Le climat politique est tendu après la publication officielle de la liste des candidats qui vont prendre part à la présidentielle du 24 février prochain, par le conseil constitutionnel. On assiste à un escalade verbal entre le régime en place et son opposition qui bande les muscles pour l’affrontement. Mais, ce sera sans compter avec le camp d’en face, prêt à faire régner l’ordre.
Ce sont des tirs groupés de l’opposition après la publication de la liste officielle des cinq candidats qui vont prendre part à la prochaine du 24 février 2019, contre Macky Sall et le conseil constitutionnel. L’opposition en tête, le parti démocratique sénégalais avec l’invalidation de son candidat Karim Wade, le camp de l’ancien maire de Dakar, Khalifa Sall et les autres candidats recalés par le parrainage ont sonné la grande mobilisation de riposte contre le pouvoir en place qu’ils accusent de vouloir opérer un hold up électoral.
Pour Me El hadji Amadou Sall, « les juges de cette juridiction sont aux ordres d’un prince. Avant de souligner que le Pds ne compte pas s’opposer à la tenue des élections présidentielles. L’avocat de Karim Wade de renchérir, « cette institution donne l’impression que ce sont des juges aux ordres et qui ne font qu’obéir ou faire plaisir au prince. Donc nous ne considérons pas leur décision comme ayant une autorité ou une certaine légitimité», a fulminé l’ancien ministre de la Justice.
La robe noire d’avertir le pouvoir en place, « nous avons toujours dit que si, par une manipulation de la constitution et des procédures, des juges aux ordres, allaient en deçà de leur devoir et font tout pour plaire au prince, nous Pds, nous ne boycotterons pas l’élection, nous nous opposerons pas à sa tenue. Le peuple est, en dernière analyse, dépositaire de la légitimité populaire. Nous discuterons avec lui pour lui demander de prendre la décision définitive et irrévocable d’exercer lui-même et définitivement la souveraineté populaire ».
Cheikh Bamaba Diéye, l’opposition va résister
Le leader du FSDBJ était l’invité de l’émission politique le Grand Jury de la Rfm tout à l’heure.
Selon lui, « l’opposition va résister. Car, c’est Macky Sall lui-même qui a créé les conditions de la violence. L’ancien maire de Saint-Louis de lister les manquements de Macky Sall.
D’abord, en refusant de se conformer à la constitution, en s’attaquant de manière délibérée à ses adversaires politiques dans le but de les écarter de la compétition électorale. Il s’est acharné sur notre dispositif électoral, il l’a assombri et l’a enfoncé dans les ténèbres. Si on fait une lecture objective de la constitution, il est du droit de chaque citoyen, lorsque la loi ne s’applique plus à tout le monde, de résister et de faire face », dénonce-t-til.
Avant de poursuivre sur un ton déterminé, « notre sécurité, c’est de respect strict de la loi, par tous les citoyens, par les autorités politiques et le président de la République… Si vous voulez expulser plus de 20 candidats qui se sont battus depuis des années pour préparer quelque chose et qui ont légitimement le droit d’y être, c’est vous même qui créez les conditions de la violence et aucun citoyen ne devra accepter, je dis bien et j’assume cet état de fait.

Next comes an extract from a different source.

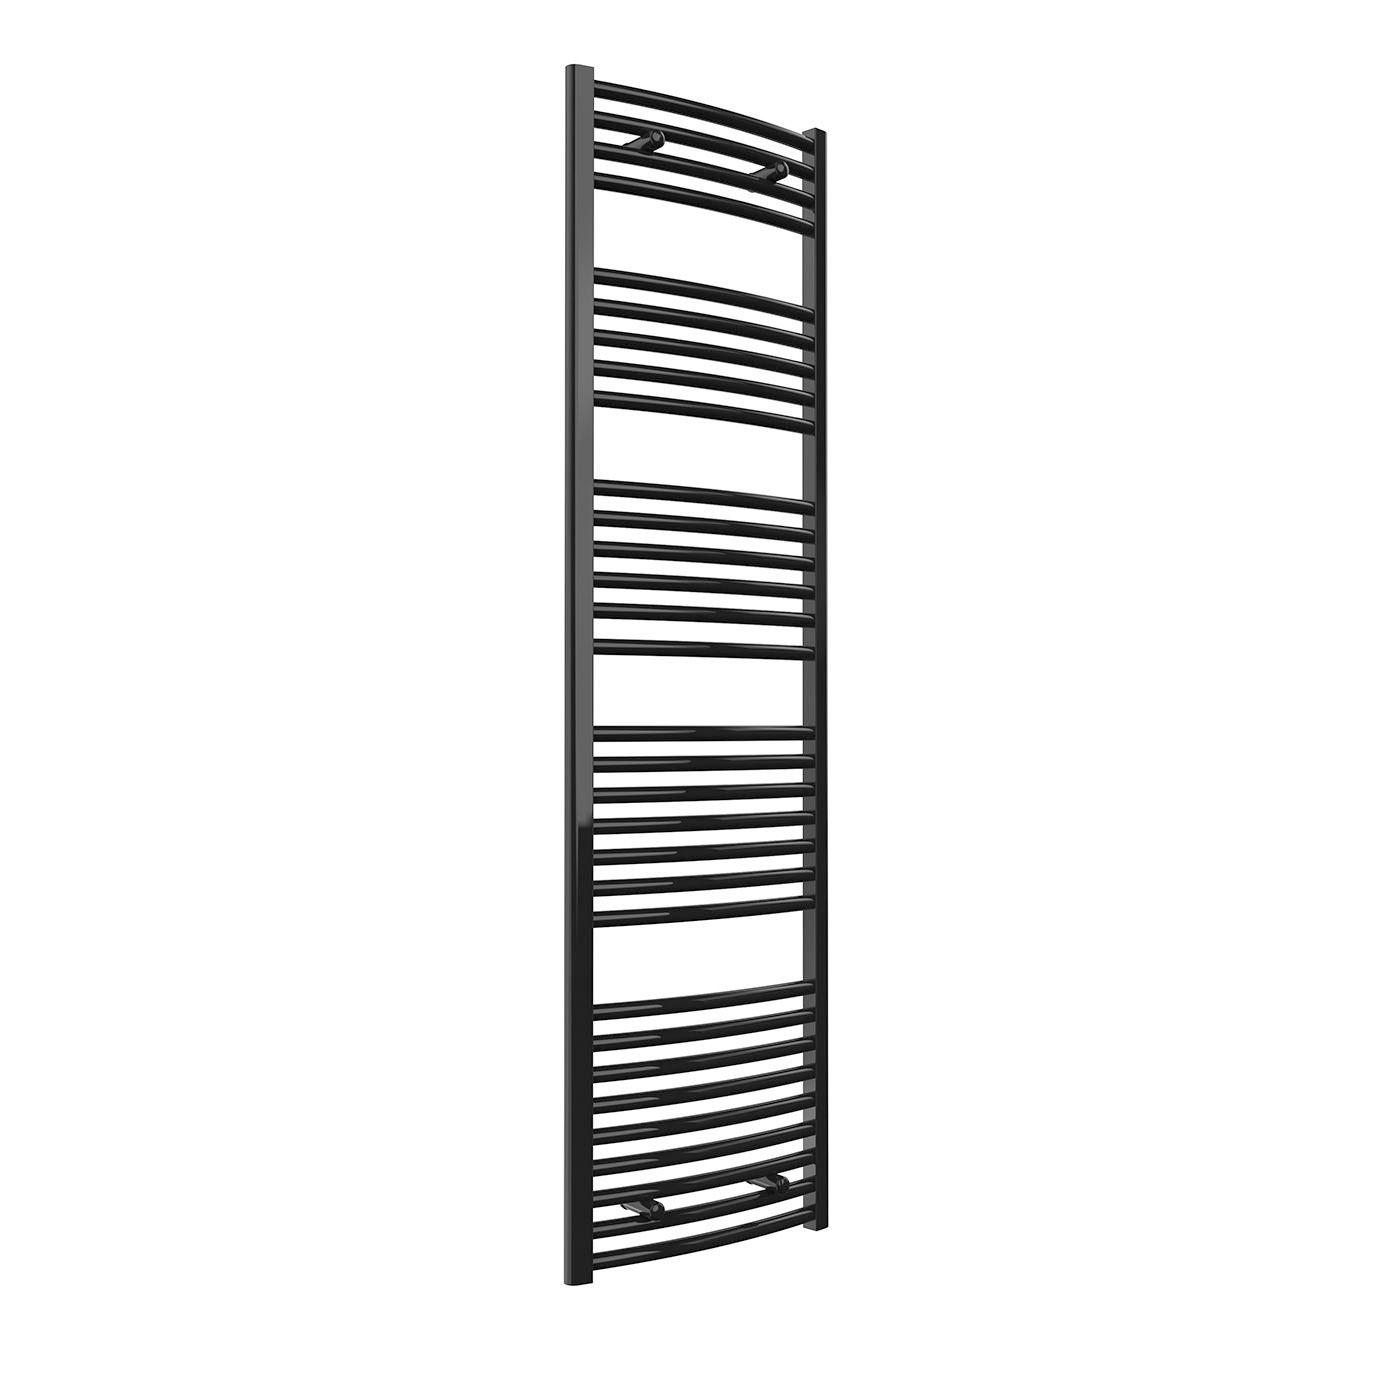 Reina Diva Flat Heated Towel Rail 800mm H x 400mm W Black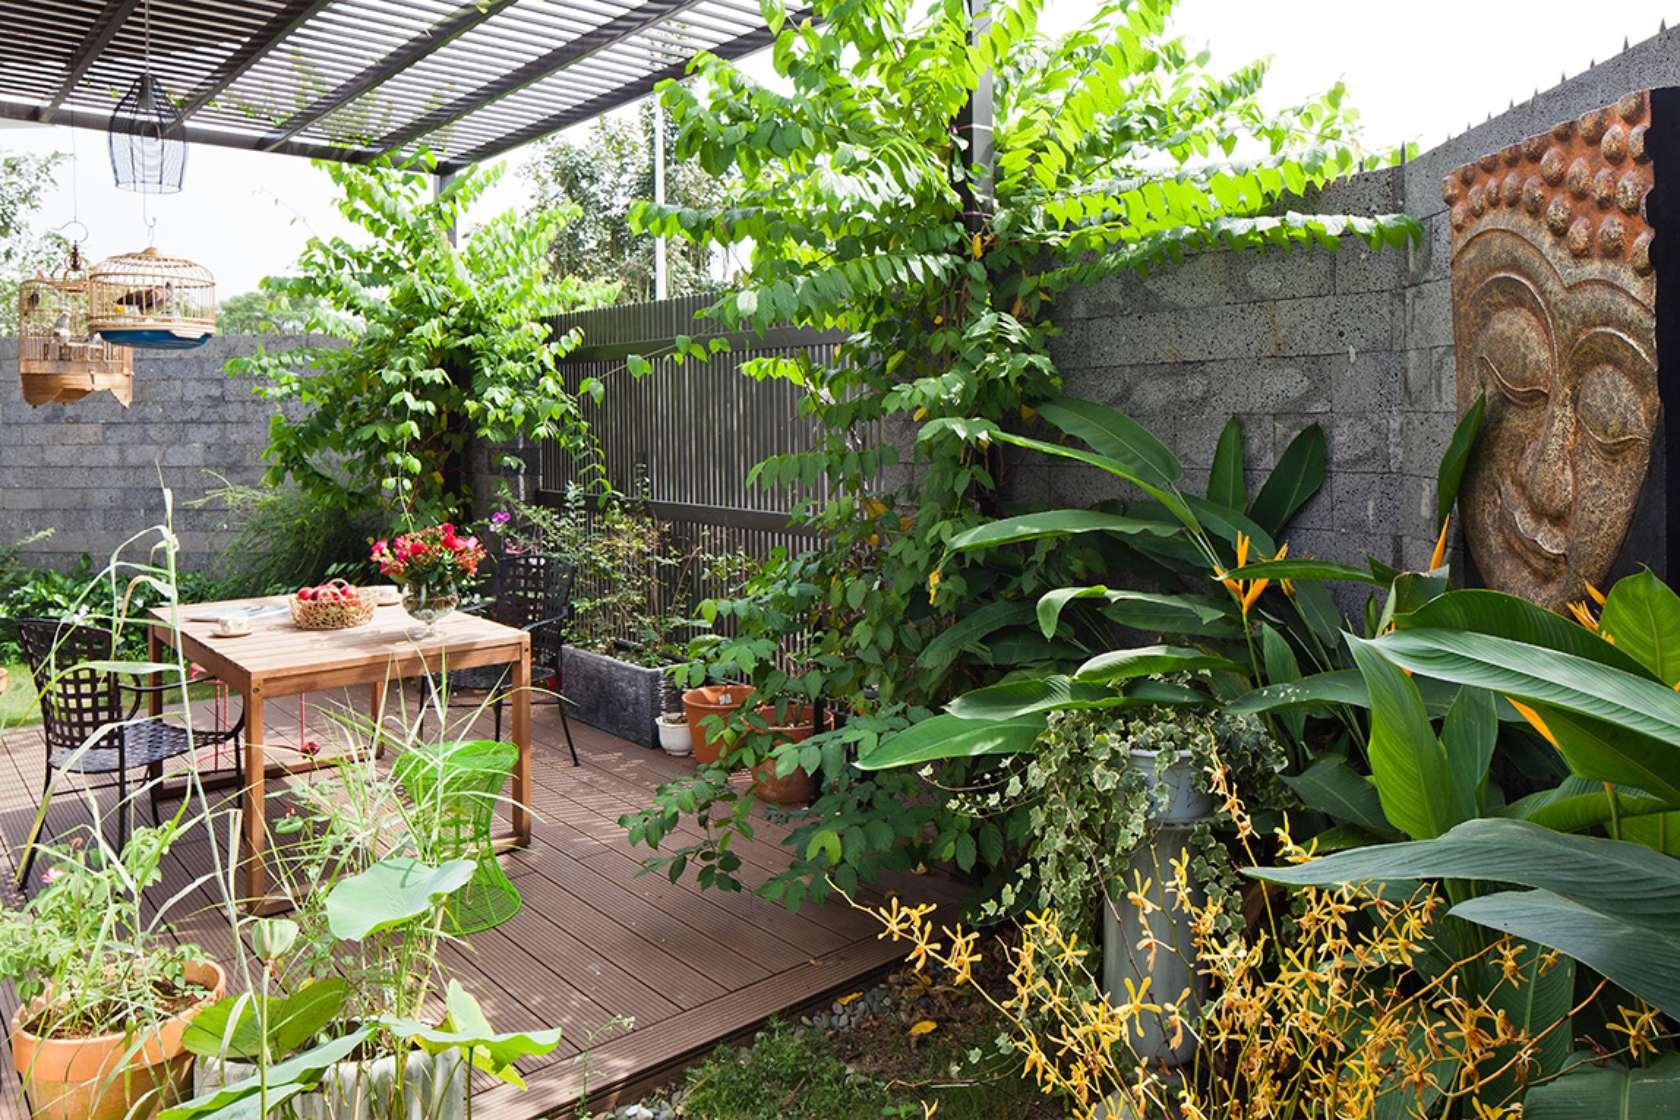 Báo Tây khen không tiếc lời công trình nhà phố 3 tầng có sân vườn cực đẹp ở Sài Gòn - Nhà Đẹp Số (7)

Résister est une obligation, se battre un devoir. Nous aussi nous mettrons tous les moyens pour faire face », avertit Cheikh Bamba Dièye.
Macky Sall et son régime ne nous laissent aucun autre choix, pour la défense de nos droits citoyens et républicains, que celui de la confrontation politique
Dans une lettre adressée à ses militants et sympathisants, le président du Grand parti Malick Gackou tire à boulets rouges sur le conseil constitutionnel qui a invalidé sa candidature à l’étape des parrainages, Malick Gackou invite donc le C25 coalition des partis de l’opposition à se tenir prête pour combattre les forfaitures du régime.
Doudou Wade abonde dans le même sens, et selon l’ancien président de l’Assemblée nationale sous Me Wade, « il faut que le pouvoir sache qu’il y’aura des dégâts collatéraux. J’appelle le C25 à se rencontrer pour affronter Macky Sall sur le terrain de la rue. On n’est plus dans une république quand le président utilise toutes les institutions et force de l’ordre pour se maintenir au pouvoir », brandit Doudou Wade.
Des menaces qui n’ébranlent guère le camp du pouvoir. A en croire, le ministre en charge du Tourisme, Mame Mbaye Niang, qui a apporté la réplique du camp du pouvoir, « il y’aura des élections libres, paisibles, et transparentes et le meilleur va gagner. Il y’aura absolument rien, les élections vont bien se passer et personne ne pourra perturber l’élection présidentielle », rassure Mame Mbaye Niang.